Whenever we show arrays, we’re taking som liberties by representing them as shown in a to make the figures a bit simpler / more concise. In reality, what’s always going on is what’s shown in b.
With this notation, let’s briefly review views and copies to present this concept using that notation. When we assign one variable the value of another variable, we are often simply assigning the pointer (or reference) of an object to the variable, as shown in the figure below, where we assign the pointer to the array object from my_array
to my_view
creating a view instead of a copy.
When we create a copy of an array, a new array object is created. The variable assigned the array contains a pointer to the new object instead of the original object, as shown below:
Going forward, we won’t be including these downward arrows indicating the relationship between variables and the corresponding objects that contain the data, since we want to keep the notation as simple as possible. However, this relationship is implied throughout and should be kept in mind, especially as it relates to the dynamics of views and copies.
Memory#
You can see all of this directly within the code as well.
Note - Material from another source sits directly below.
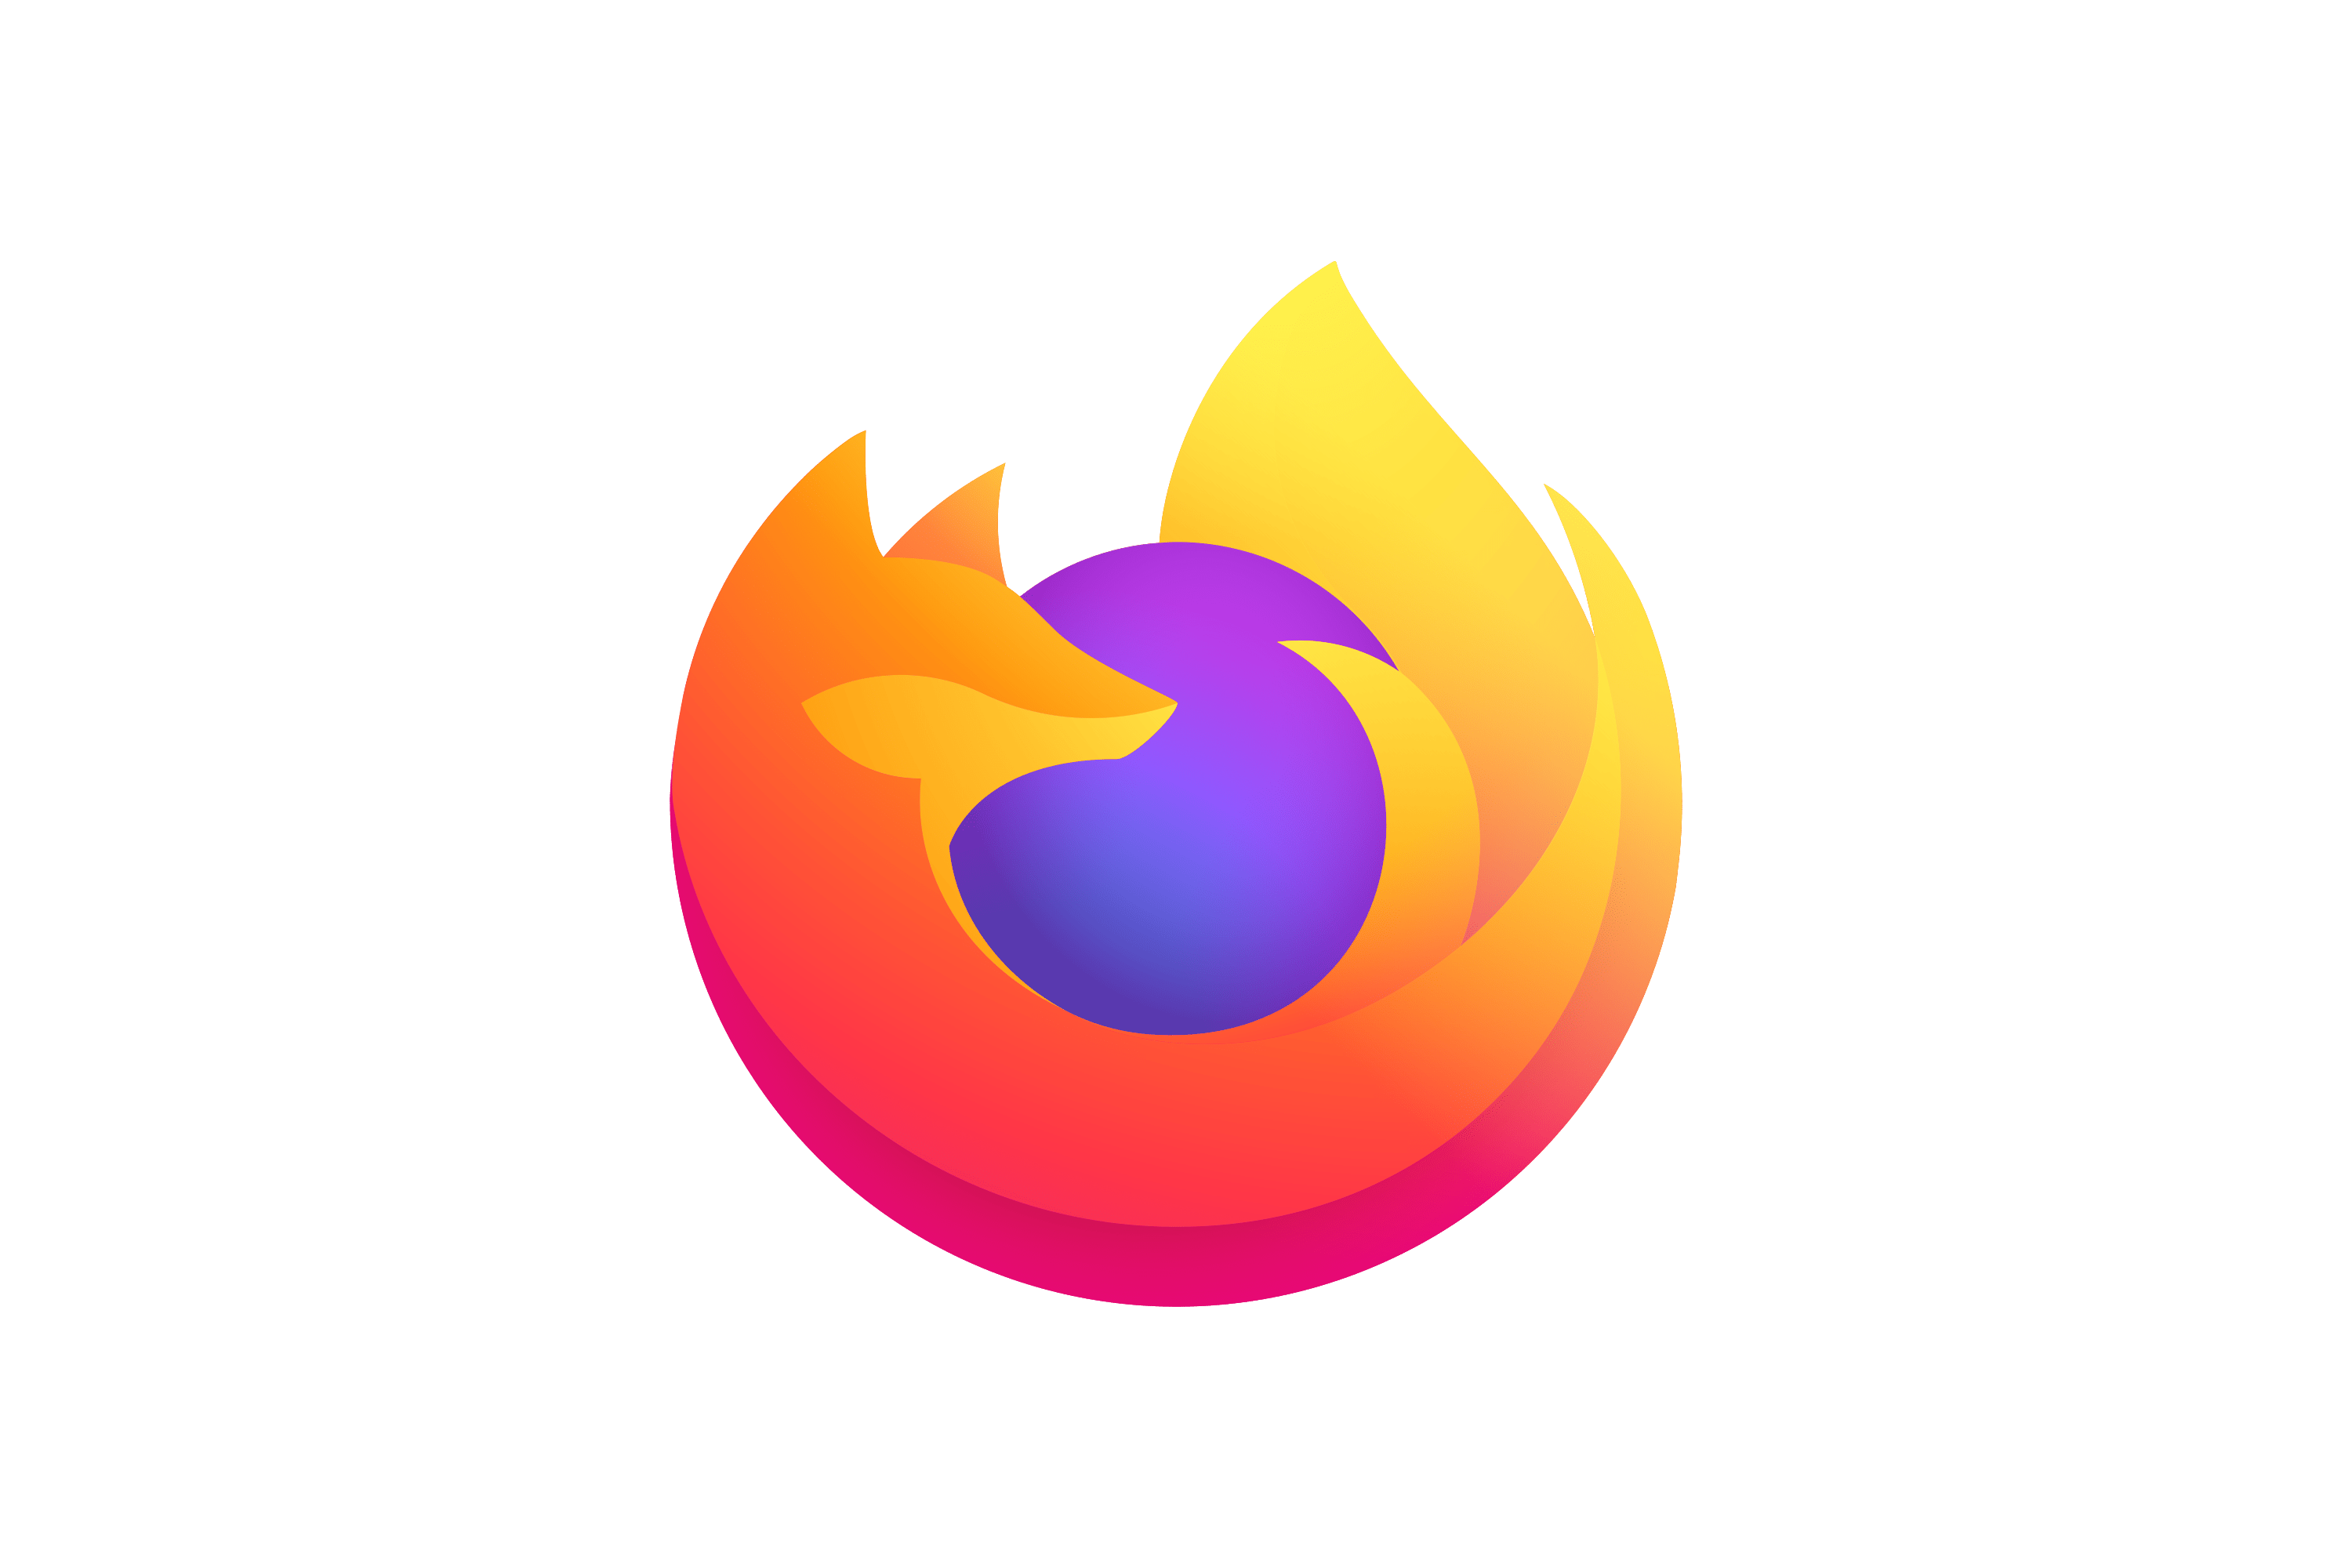 firefox android
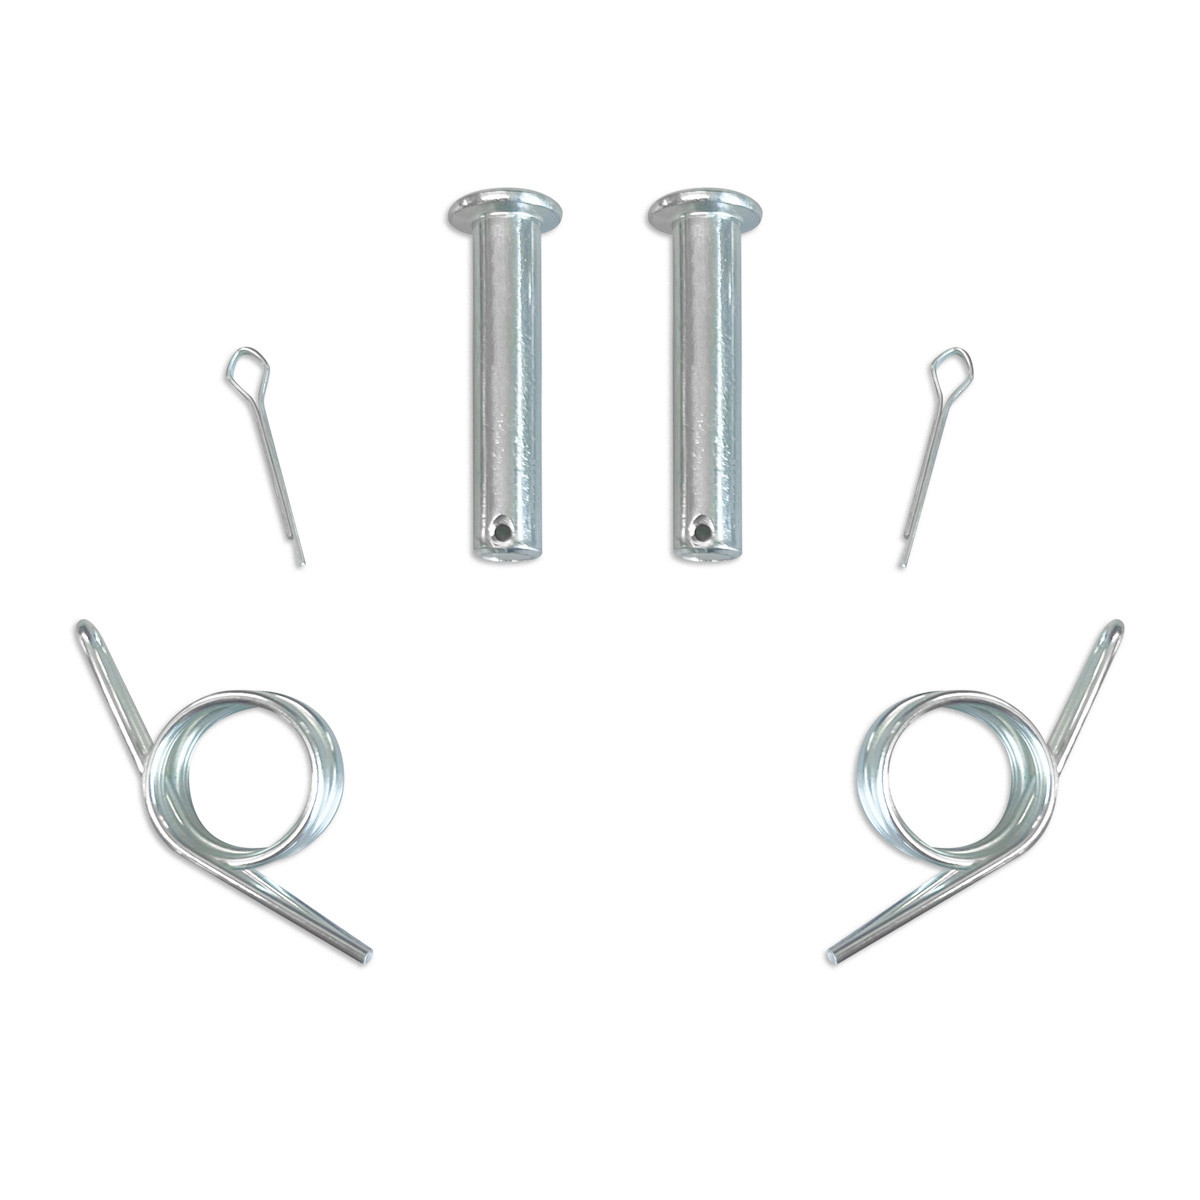 FOOT PEGS REPLACEMENT KIT

You can retrieve the memory address that each variable points at using the id
function:
import numpy as np
my_array = np.array([1,-12,42])
id(my_array)
2549970475168
This number won’t have much meaning to us on its own, but this is the value that points to the segment of memory where our data are stored.
We can show this by creating a view and noting it points to the same memory address:
my_view = my_array
id(my_view)
2549970475168
Now if we make a copy of the variable, my_array
, on the other hand, it will point to a different place in memory than did our original variable:
my_copy = my_array.copy()
id(my_copy)
2549970476208
While a deep understanding of the connection from the language to the physical hardware, such as memory, is not required to be a successful programmer, it can help our understanding of what may sometimes appear to be unexpected behavior. The relationship between variables and memory objects is a concept that worth being aware of for its implications to creating views or copies and for successfully using those views or copies for successfully coding our ideas.